O vale-alimentação (VA) e o vale-refeição (VR) são benefícios que fazem parte da rotina de milhões de brasileiros. Recentemente, novas regras foram implementadas para modernizar e flexibilizar o uso desses auxílios, trazendo mais autonomia para o trabalhador.
Mas, na prática, o que isso significa para o seu bolso? Continue a leitura para descobrir todos os detalhes e desdobramentos desta novidade.
O decreto que atualiza as regras do Programa Alimentação do Trabalhador (PAT) foi assinado nesta terça-feira, 11 de novembro. Neste momento, as mudanças estão em fase de transição e passam a entrar em vigor a partir de 1º de janeiro de 2026 .
A medida traz novidades importantes para modernizar o sistema de vales, estimular a concorrência e reduzir custos para empresas e estabelecimentos, beneficiando mais de 20 milhões de trabalhadores que utilizam vale-alimentação (VA) e vale-refeição (VR).
Limite de 3,6% nas taxas: mais espaço para descontos e preços menores
Com a nova regra, as operadoras de VA e VR só poderão cobrar até 3,6% de taxa por transação. Como essa tarifa costuma ser repassada aos bares, restaurantes e mercados, o teto reduz a pressão sobre os custos desses estabelecimentos. A expectativa é que, com menos gastos operacionais, eles tenham mais margem para segurar preços — o que beneficia diretamente quem usa o vale para comprar refeições ou alimentos.

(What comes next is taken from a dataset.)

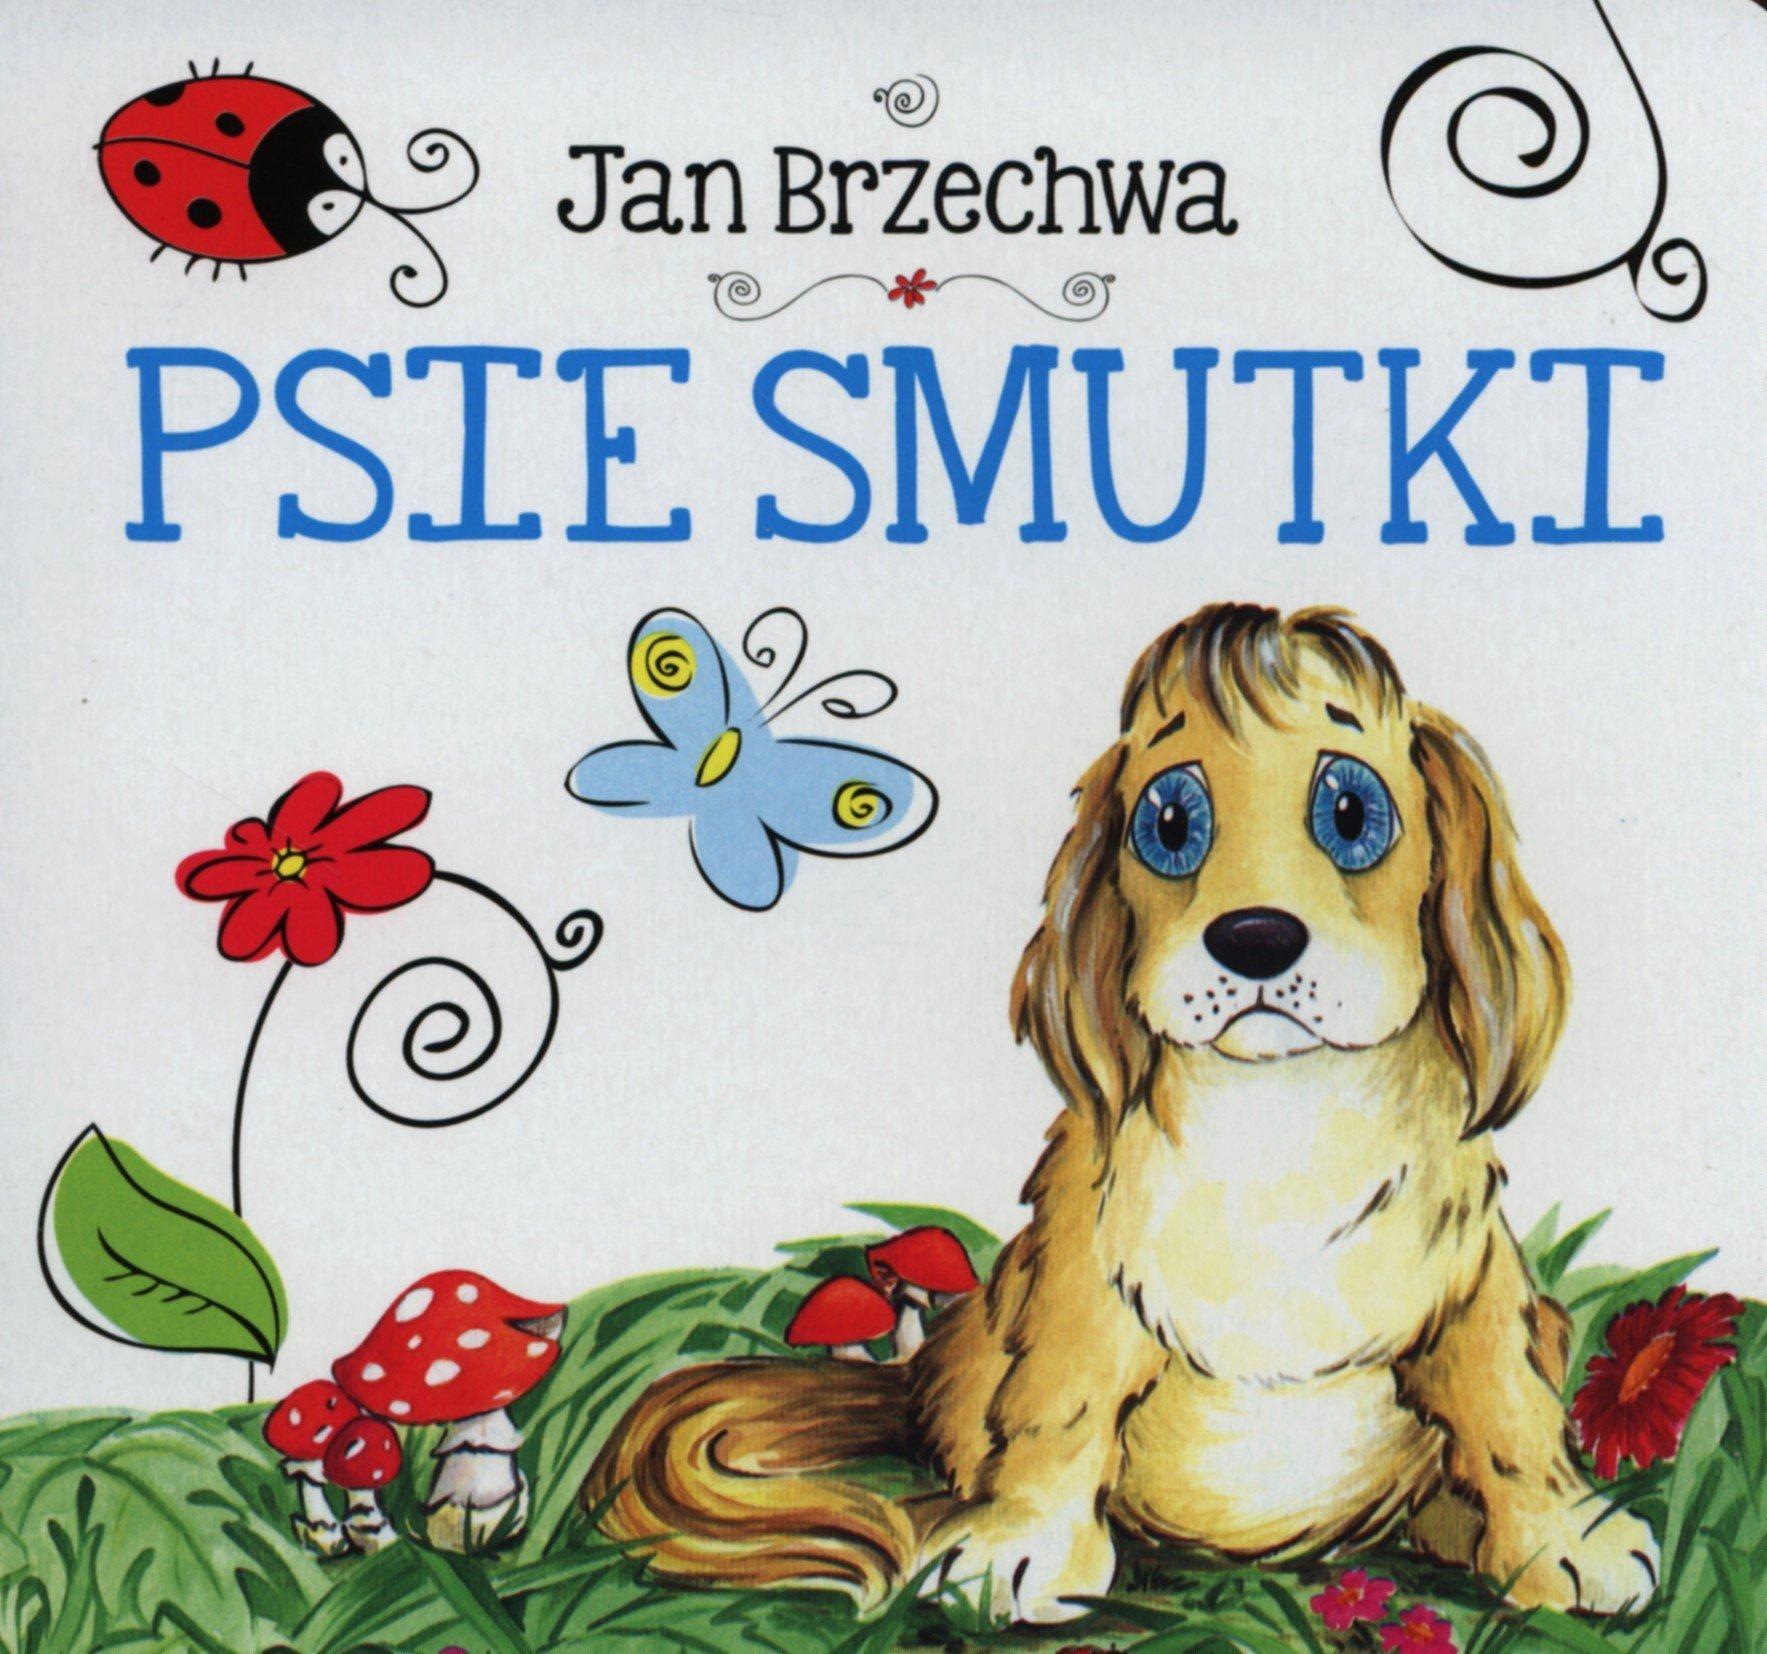 Psie Smutki Amazoncouk Jan Brzechwa 9788327416537 Books

Repasse em até 15 dias úteis: menos risco de recusa do benefício
O valor pago pelo trabalhador com VA ou VR agora deve chegar ao caixa dos estabelecimentos em até 15 dias úteis, um prazo muito menor do que os 30 a 60 dias praticados hoje. Essa aceleração tende a reduzir problemas como recusa de cartões por causa de atrasos no recebimento e melhorar o fluxo de caixa dos comerciantes, garantindo que o trabalhador encontre mais locais dispostos a aceitar o benefício.
Interoperabilidade entre bandeiras: mais lugares para usar o vale
A obrigatoriedade de interoperabilidade entre bandeiras significa que cartões de diferentes operadoras poderão ser aceitos em uma rede maior de estabelecimentos. Para o trabalhador, isso amplia o leque de opções na hora de almoçar, fazer compras ou escolher onde gastar o benefício — especialmente em regiões onde antes havia pouca cobertura de determinadas bandeiras.
O vale-refeição (VR) é destinado à compra de refeições prontas em restaurantes, lanchonetes e padarias. Já o vale-alimentação (VA) é voltado para a compra de alimentos em supermercados, açougues e mercearias, permitindo que o trabalhador prepare suas próprias refeições.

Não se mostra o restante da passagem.